**Task prompt:** Give the data again exactly as written, without any of its pictures.

━━━ Data block

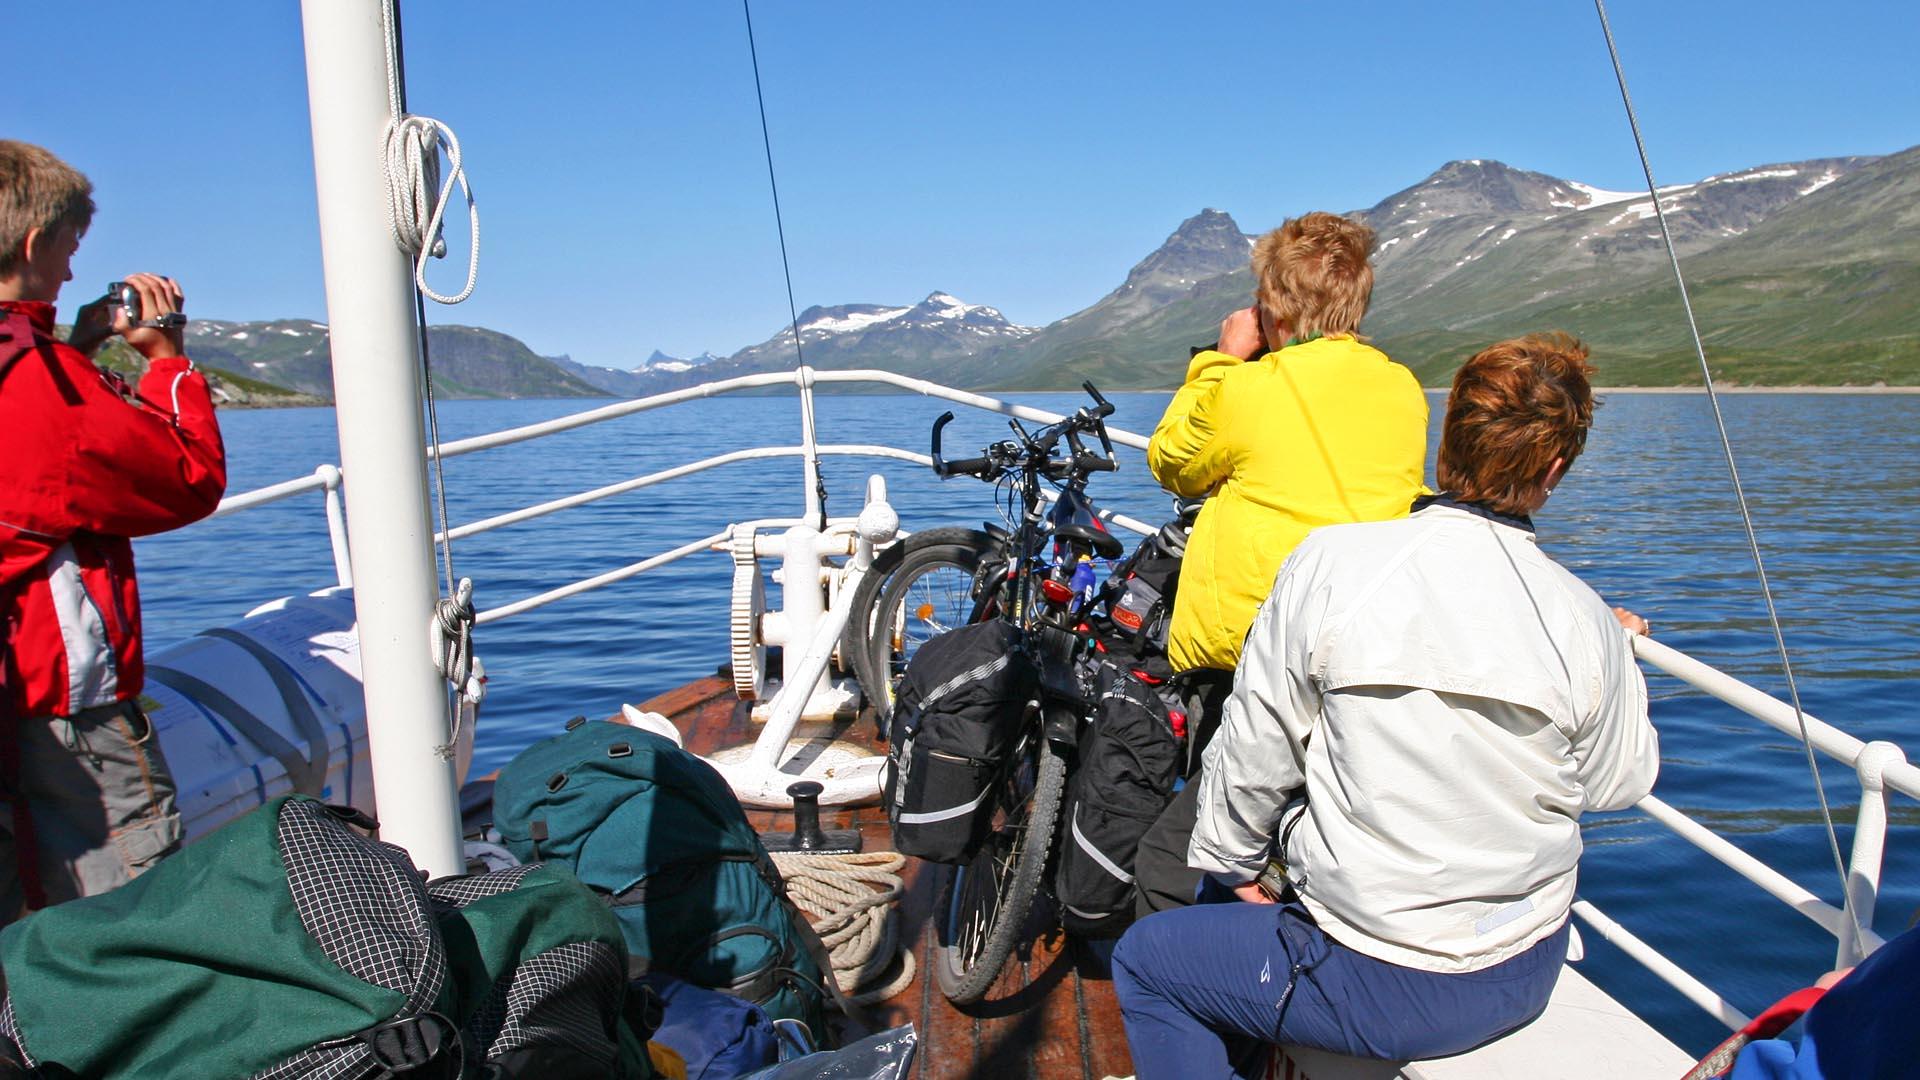 Leute an Board eines Passagierbootes auf einem großen Bergsee, der von Zweitausendern umgeben ist, an einem schönen Sommertag. Jemand hat sein Fahrrad mitgebracht.
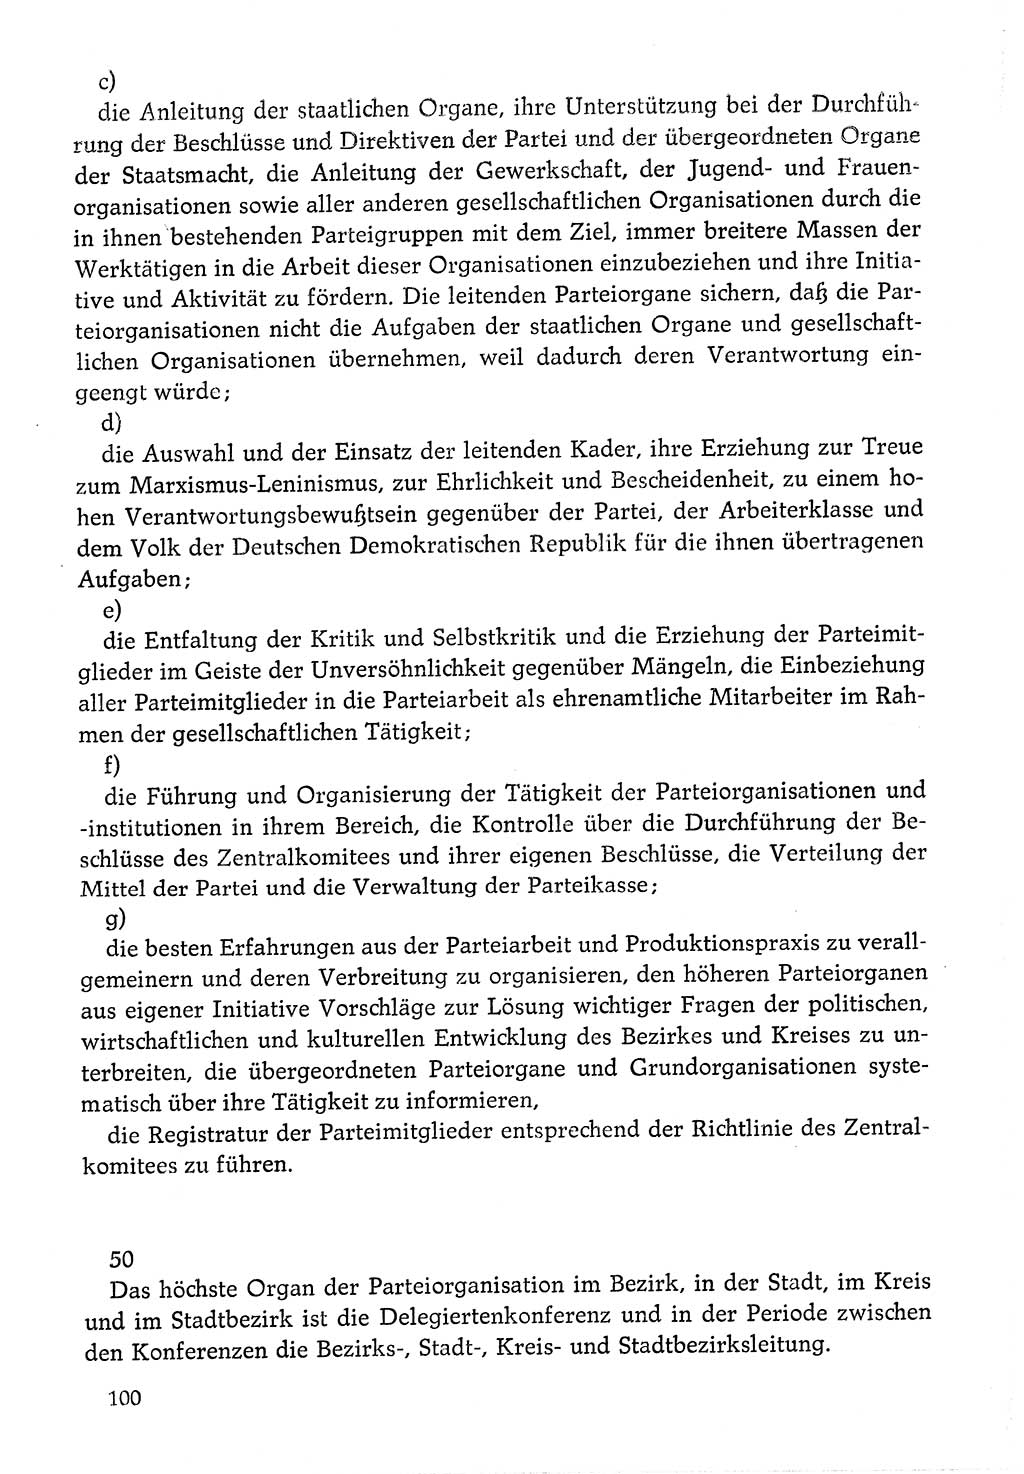 Dokumente der Sozialistischen Einheitspartei Deutschlands (SED) [Deutsche Demokratische Republik (DDR)] 1976-1977, Seite 100 (Dok. SED DDR 1976-1977, S. 100)
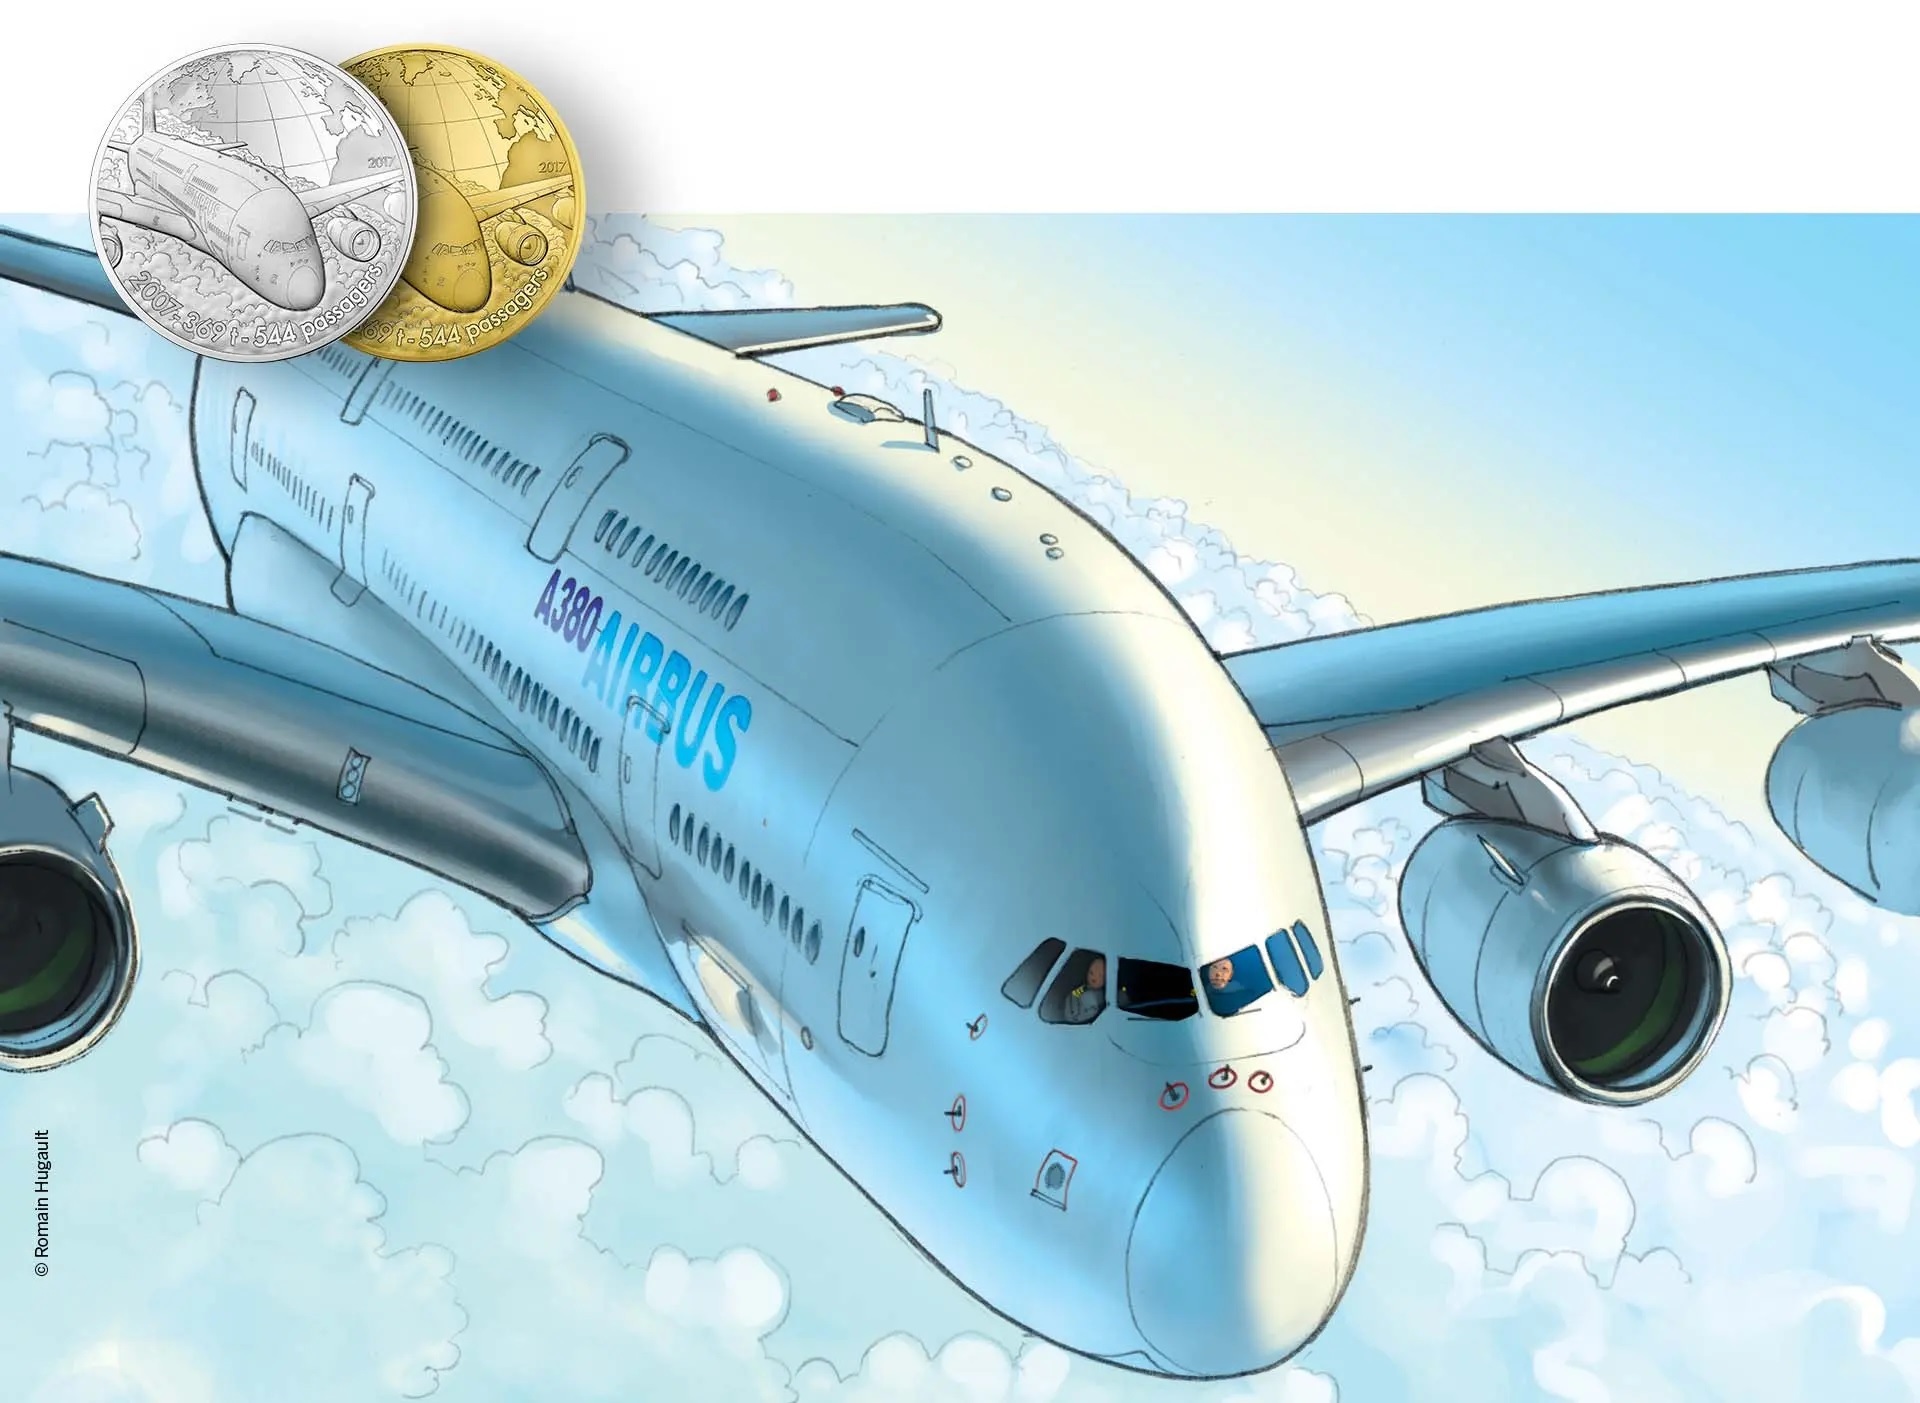 Monnaie de Paris Airbus A380 2017 (shop illustration) (zoom)

━━━━━━

**Result of the exercise:**
 Leute an Board eines Passagierbootes auf einem großen Bergsee, der von Zweitausendern umgeben ist, an einem schönen Sommertag. Jemand hat sein Fahrrad mitgebracht.
 Dokumente der Sozialistischen Einheitspartei Deutschlands (SED) [Deutsche Demokratische Republik (DDR)] 1976-1977, Seite 100 (Dok. SED DDR 1976-1977, S. 100)
 Monnaie de Paris Airbus A380 2017 (shop illustration) (zoom)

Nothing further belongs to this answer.